Friday, January 30, 2009

Dec 31st -- Bus to La Ceiba

When you are in a country where you do not speak the language, everything is just a little bit off. It’s hard to get into a comfort zone, because you really don’t have a good idea of what is going on around you.

After I took an afternoon to go see the Copan Ruins in Honduras, I decided to make the long haul all the way to Roatan Island in the Caribbean. I bought my bus ticket from Copan to La Ceiba (the port town where I would have to catch a ferry to the island) the night before – the person selling the ticket to me spoke a little bit of English. I thought they told me that the bus made two stops on the way to La Ceiba and that I would have to change buses one time. Since the ferry from La Ceiba to the island left at 4 p.m., I had to take a bus leaving at 5 a.m. to make it to the ferry.

I was getting used to early buses, but waking up at 4 a.m. is a tough one for me.

Got up early, walked down to the bus stop (I had learned by this point to fully pack the backpack the night before) and when I got there, I asked again about the stops and changing buses. I thought I got the same answer as the night before, when I bought the ticket. The actual printed ticket seemed to indicate the same thing: a stop in San Pedro at 8:30 or so, another stop in Tela and then arrival in La Ceiba at 11:30. I was pretty sure the bus change was in San Pedro.

The bus was one of the nice, big autobuses that I had mostly ridden on up to that point. After reading the guidebooks, I’m still nervous about checking my backpack onto these buses (and after hearing that my friend, Scott Luack, http://web.me.com/scottlauck/site/Blog_/Blog_.html, had his computer stolen out of his backpack at a border crossing in Africa out of checked luggage), but you have no real choice other than to check a bag that big.

The bus stopped at San Pedro and we got off it, as I expected. There was enough time to get some coffee and some breakfast before the next bus got there to take us to La Ceiba. I was moderately nervous about where my backpack was being stored for the hour or so that we waited, but again, there wasn’t anything I could do about it.

A couple buses came and went. Every time the loudspeaker came on and people got in the queue (one of the many British terms that I really love), I would walk up to the person taking the tickets and ask “La Ceiba?” A shake of the head no and I was confident neither of the buses was mine.

Eventually, a bus pulled in and I understood it was going to my destination. I got in line and when I walked out there were two buses parked next to each other. Although one bus had a sign saying “Ceiba” on the front and the other had a sign saying “Tegucigalpa,” I wasn’t sure I was getting on the right bus until I showed the ticket taker my ticket and asked “La Ceiba?” When I got the nod and overheard another couple asking the same thing in English, I finally felt confident.

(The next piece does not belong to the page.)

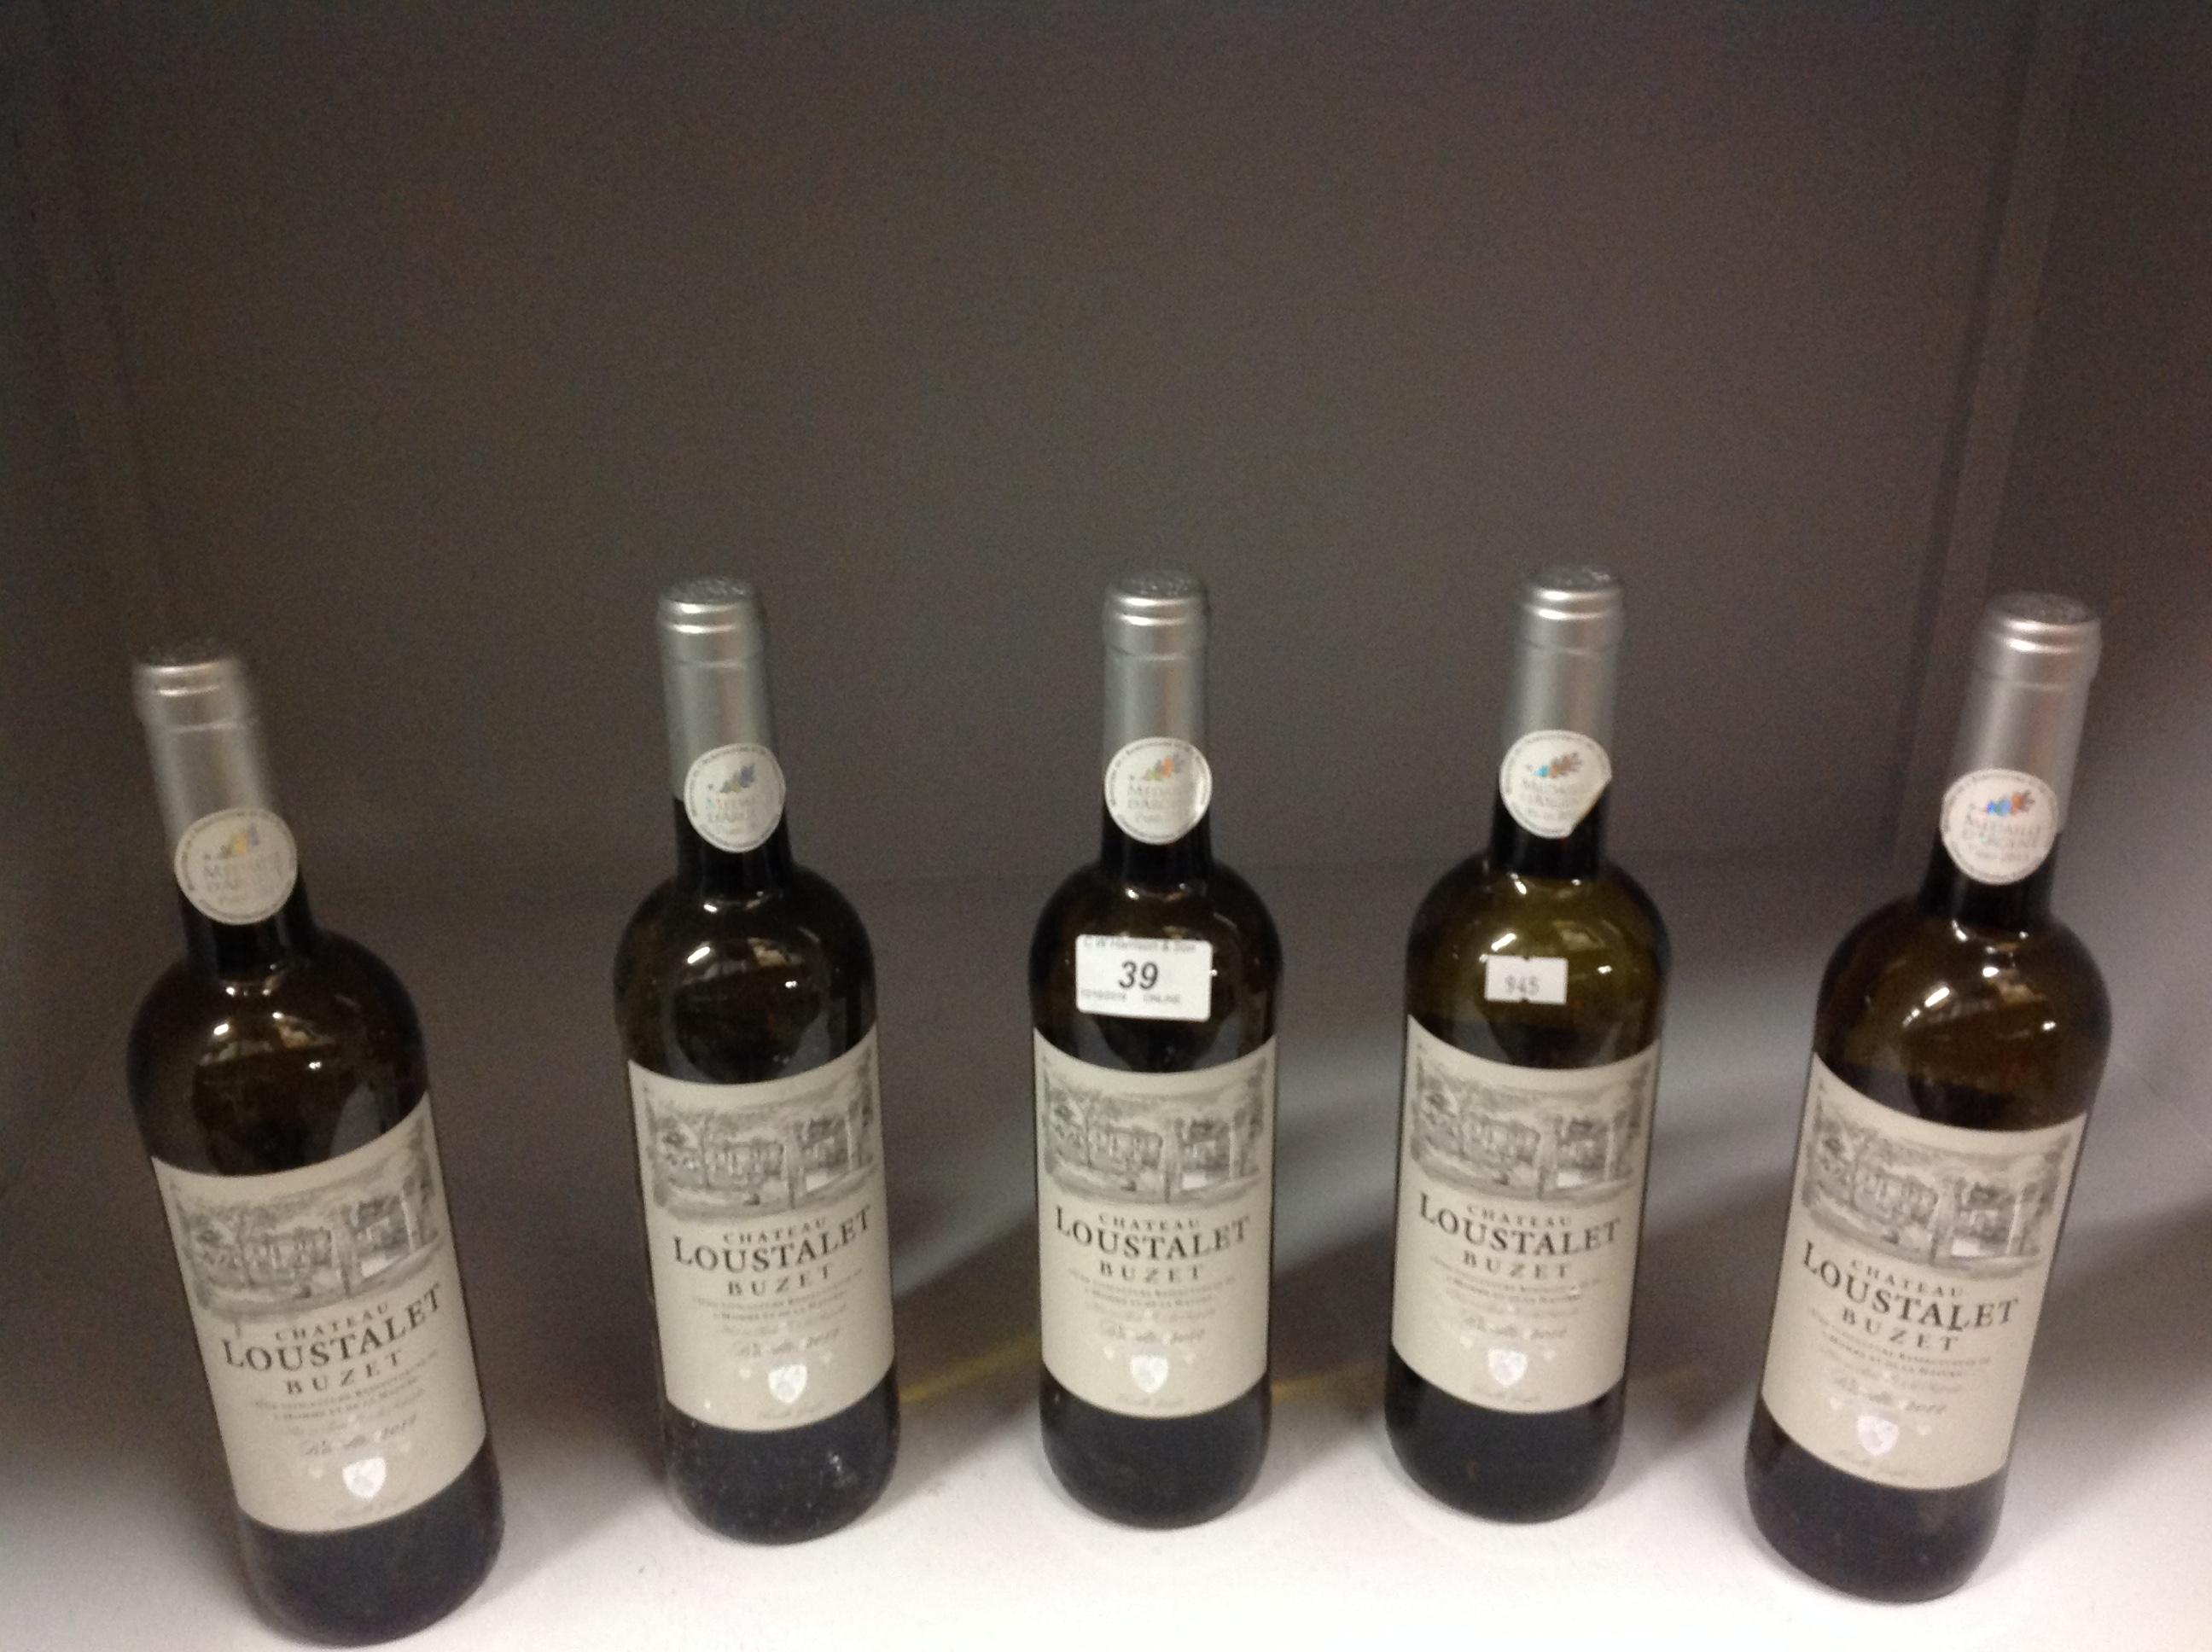 Lot 39 - 5 x 750ml bottles of Chateau Loustalet B

As to my backpack. . . who knows? There was a pile of luggage up against the wall of the station that someone was putting on the bus, but I didn’t see my pack in the large pile. I crossed my fingers and just hoped it made it.

The buses I’ve been on in Latin America (the nice ones, not the chicken buses) almost universally have their air conditioning cranked on as high as possible. Although for the most part you cannot find any buildings down here with air conditioning, and most of the people living down here go without it almost 100% of the time, it is as if the one time that its available – they’ve got to get as much of it as they can. You board a bus at your own peril, unless you are wearing long pants, socks and shoes, and some sort of sweater of fleece handy. It might be 95 degrees outside, but it’s likely to be 60 degrees inside.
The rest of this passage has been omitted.